Stretching their strings
Through helping out in schools and wider repertoires, orchestras bond with communities
Willem Wijnbergen is an impatient man, which is fortunate, since time is not on his side.
A decade ago, culture mavens were crying that the symphony was dead. Since 1990, nationwide symphony attendance has continued to slip 0.4 percent every year. The new director of the Los Angeles Philharmonic (in what some have dubbed a fool's errand - selling classical music here in the belly of the mass-entertainment beast) wants to buck that trend by broadening the orchestra's audience and reach.
"If they don't like the core classical music," maestro Wijnbergen muses, "people feel outside the orchestra. We don't need to change what we are, but we must expand our abilities and reach into the community."
In announcing a wide range of new programs from jazz to world music to film-music concerts, Wijnbergen joins what observers are calling a slow, but profound transformation of the symphony orchestra.
In the United States, the 800 or so large, medium, and small ensembles from San Diego to Bar Harbor, Maine, are shifting from the domain of the elite to a wide-reaching community resource.
A lost generation
The change isn't coming a moment too soon, says Wijnbergen, a native of Amsterdam and former director of the Royal Concertgebouw Orchestra there. "We are losing an entire generation of people with no exposure to classical music," he warns.
Michael Steinberg, lecturer and author of "The Symphony: A Listener's Guide" (Oxford University Press), agrees, pointing out that today's under-30 generation is the first in more than a century to grow up with little if any contact with classical music. "The main challenge for the classical music community as a whole," Mr. Steinberg says, "is to find a way to make up for the disappearance of the classical-music experience for school kids."
The St. Louis Symphony Orchestra has become a national model for how institutions can work together to engage children. Five years ago, the orchestra, the second-oldest symphony in the US, took over an ailing community music school. The musicians taught classes, the students began performing, and the orchestra developed a new outlook, seeing itself as both a community resource and a source of entertainment.
Executive director Don Roth says it was not enough that the St. Louis Symphony was winning Grammies and touring the world.
"We've discovered that it isn't enough to be honored," he says. "We realized that wasn't a sufficient [community] use of our most basic resource, namely well over 90 highly talented and motivated individuals."
Mr. Roth says his orchestra has begun to operate around three principles:
Meet community needs. The orchestra has shifted focus from solely attracting audiences to looking at how its resources match the needs of its neighbors. For instance, the symphony's community-partnership program offers musicians the choice of two or three weeks off in exchange for working in schools.
Partner with other institutions. Exchanging ideas can help work on mutual goals, like fund-raising.
Redefine the role of musicians. Players have to take their individual place in the community, helping to shape the orchestra's activities. They are more than "just" performers.

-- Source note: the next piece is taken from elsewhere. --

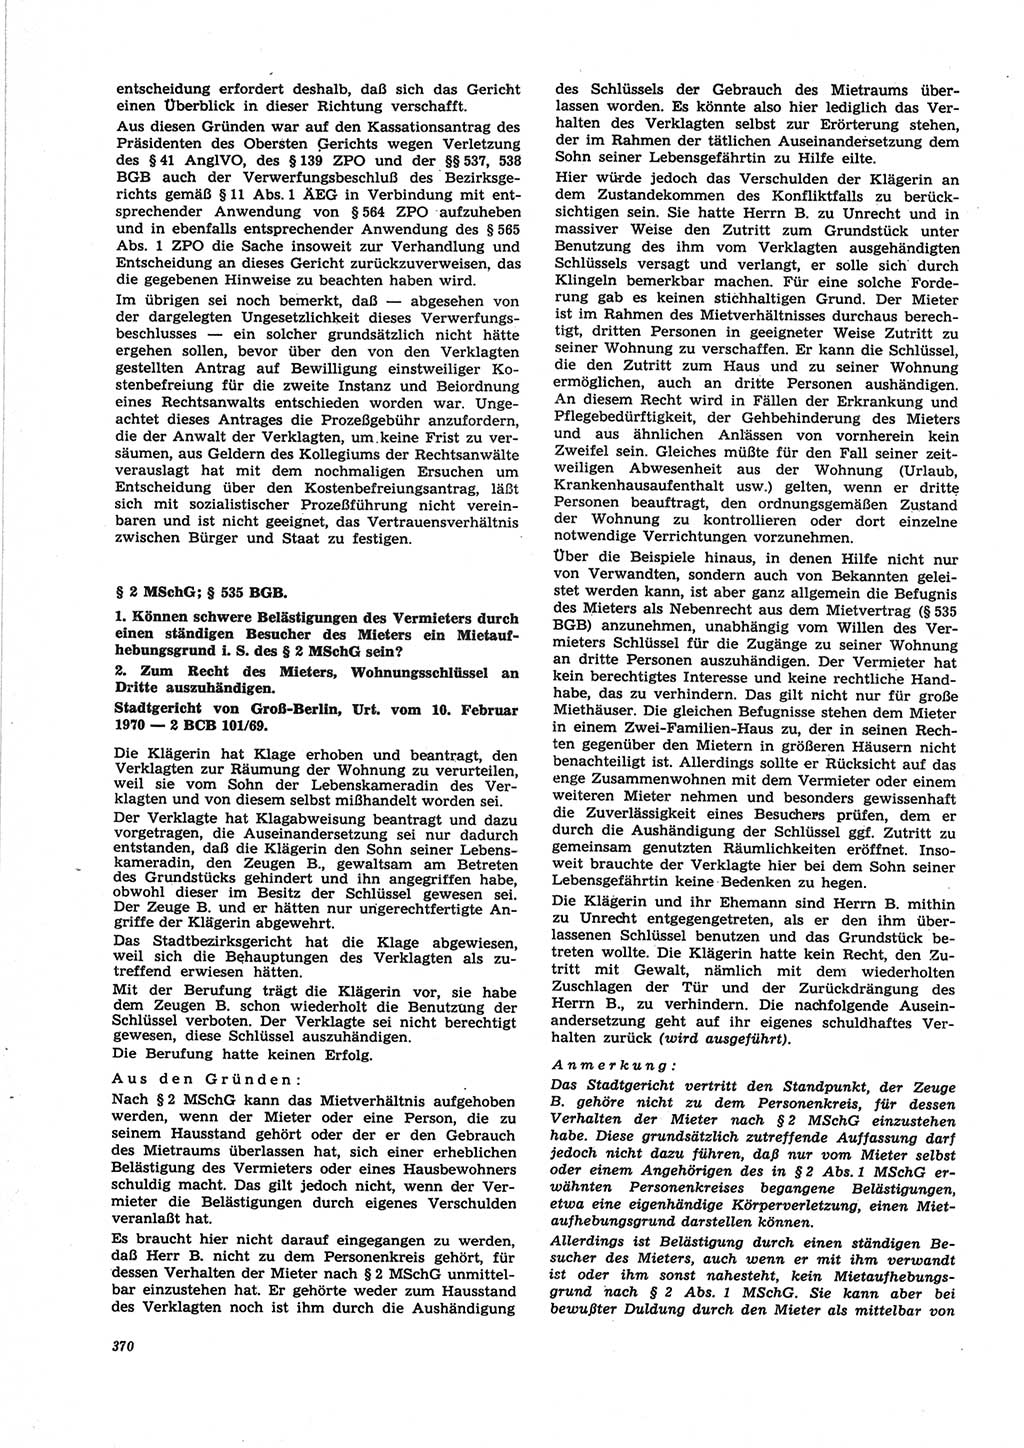 Neue Justiz (NJ), Zeitschrift für Recht und Rechtswissenschaft [Deutsche Demokratische Republik (DDR)], 25. Jahrgang 1971, Seite 370 (NJ DDR 1971, S. 370)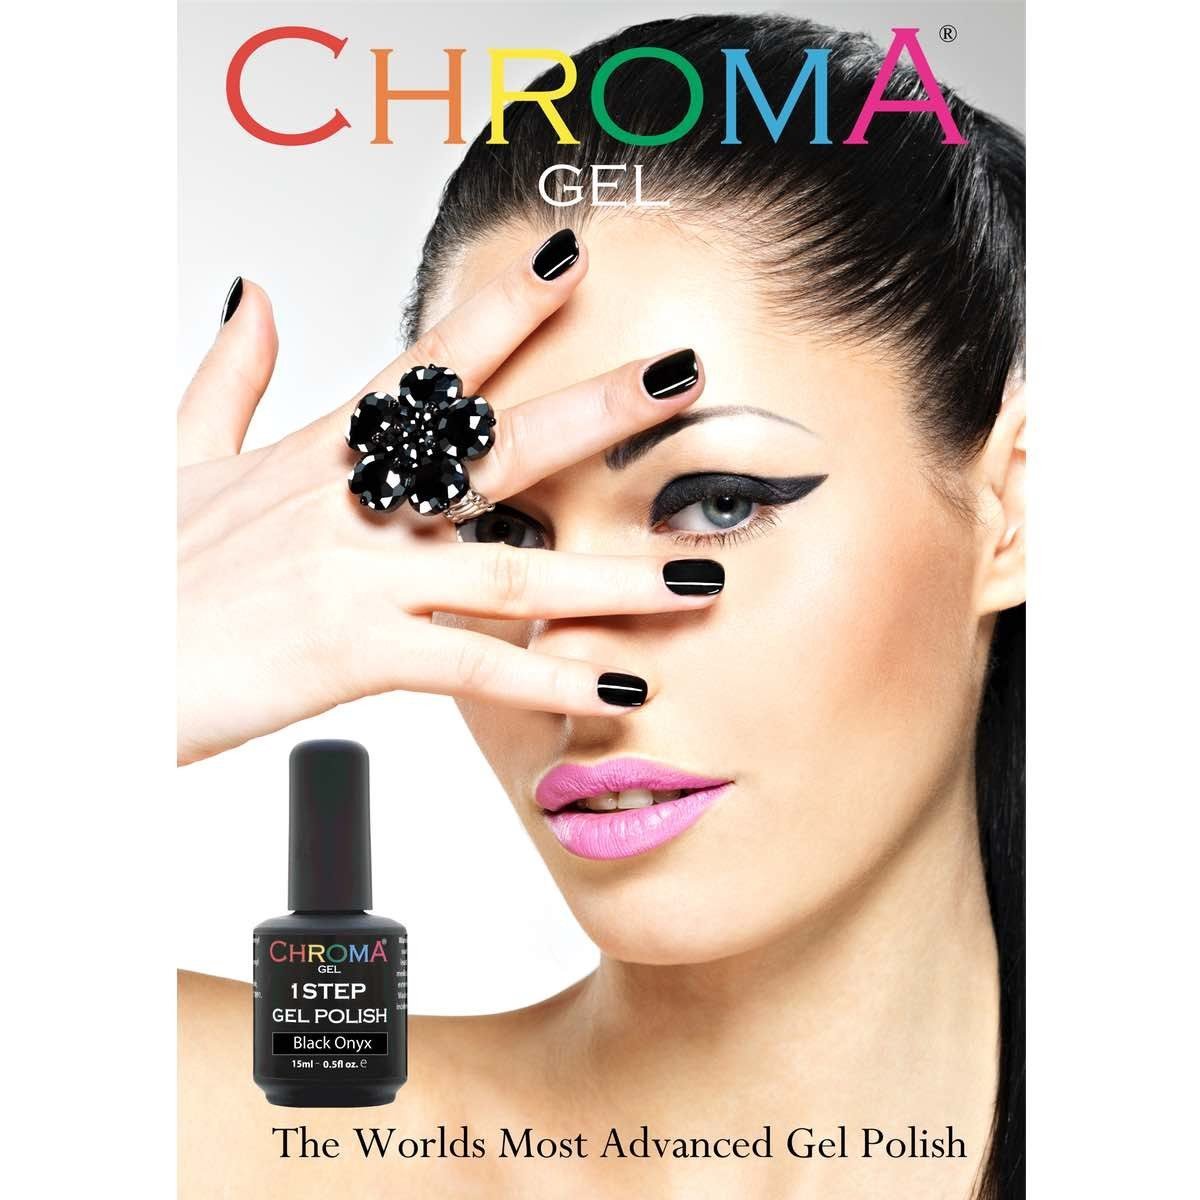 Chroma Gel 1 Step Gel Polish Salon Poster - Chroma Gel

Roth points out that since 1995, when the symphony began to work with the music school, annual giving to the symphony has blossomed from $3.5 million to $6 million. "I don't believe that a St. Louis Symphony that was only interested in [performing at] Carnegie Hall could've done that," he says.
Many orchestras have offered summer pops programs for decades not to mention children's programs and guest performers. What is changing now are attitudes, says Charles Olton, director of the American Symphony Orchestra League. A decade ago when an alarming number of symphonies were going bankrupt, many that survived did so only by innovating.
"A lot of orchestras are beginning to find new ways to connect to the people upon whom they depend," Mr. Olton explains. "That's really good news because it has meant they've had to think more broadly about audiences."
In Los Angeles, the three-month summertime concerts by the L.A. Philharmonic at the Hollywood Bowl account for more than 50 percent of ticket sales. In addition, musicologist Tom Schnabel spearheads a new summer world-music program. He wholeheartedly agrees that there's a need to redefine what music means to a community and plans to find ways to reach out to this sprawling urban region, home to no fewer than 83 languages.
'A broader vision of what classical is'
Is this simply more tinkering? "We're finally getting away from old formulas," Mr. Schnabel says. Pointing to a summer schedule full of exotic-sounding programs, he adds, "What we hope to do is embrace a broader vision of what classical music is by drawing on the classical traditions of Morocco, Bulgaria, Spain, and the like."
John Clayton, whose ensemble will be the linchpin of the Philharmonic's expanded commitment to jazz, points out that his involvement will run throughout the year and will help underline the presence of serious musicians in the city. "This is a about a larger sense of family," he says.
Ever since passage of budget-cutting Proposition 13 in 1978 put arts programs in the luxury category, the job of putting classical music together with California's schoolchildren has been a tough one. Those cuts were mirrored nationwide.
Recent research showing that musical training enhances academic performance may change that trend, Steinberg says.
Drawing students to music because it will help them get ahead is "like a form of bribery," he sighs. But "perhaps that's all right, because getting them in the tent is most of the job, isn't it?
"The music can take over from there."